What’s a Good Reputation Worth?
Your online reputation is important for a number of logical — even obvious — reasons. Over the past several years, software vendors and analysts alike have documented the relationship between online sentiment expressed on review sites and social media, and overall brand health.
But it’s been considerably harder to map the concrete benefits of online reputation management — namely, return on investment (ROI). Although most of us can make the logical connection between a strong online brand and increased business, tangible ROI has been more challenging to prove.
Reputation analyzed data from hundreds of customers, over multiple years, to quantify the ROI of online reputation management activities and best practices.
The results are conclusive: Effective online reputation management helps multi-location organizations generate more business and reduce operating costs. Some examples of results include:
- A Big-Three automaker increased dealership revenue by over $100 million per year.
- Hospitals with a high Reputation Score earn an incremental $1.2 million per bed, per year.
- An urgent care and walk-in clinic provider increased new patient revenue by $165,000 per month.
- A large regional bank saves approximately $300,000 annually through automation.
What You Will Learn
- How online reputation management (ORM) helps businesses increase revenue and reduce operating costs.

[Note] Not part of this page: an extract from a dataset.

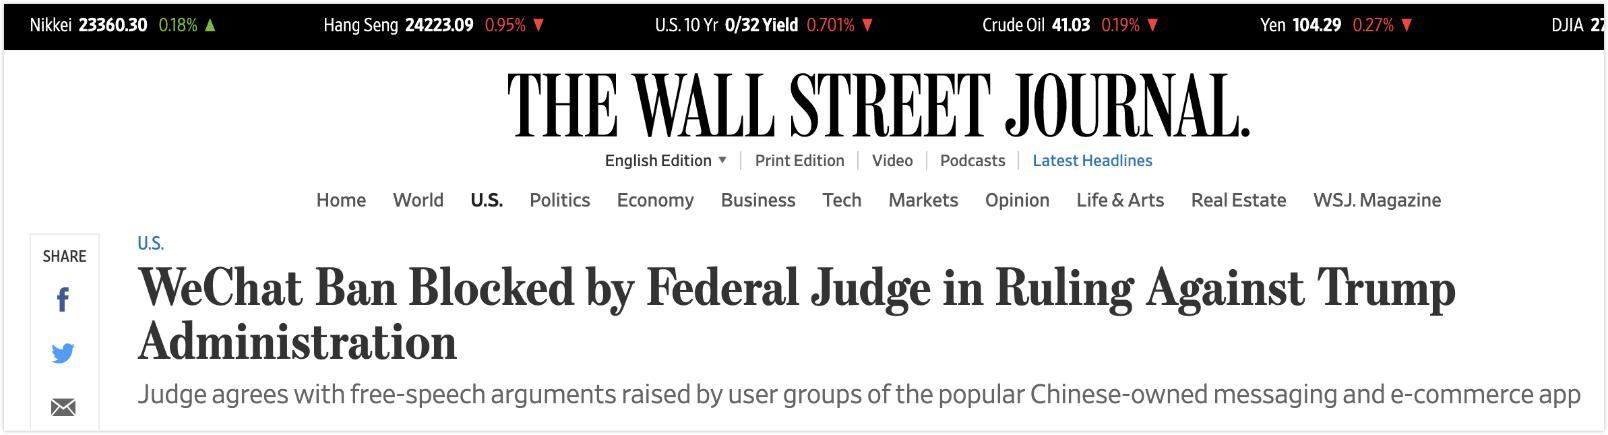 剧情反转?美加州法官叫停微信海外版禁令

- The critical KPIs to track and measure for effective ROI calculation.
- Foundational formulas for calculating top-line and bottom-line ROI for your industry.
- Selling the value — how to gain buy-in for ORM within your organization.
Two Paths to ROI
Reputation.com research and data has firmly established that there is a direct correlation between ORM and ROI. This ROI can be realized in two specific ways: Top-line revenue growth and as bottom-line cost savings.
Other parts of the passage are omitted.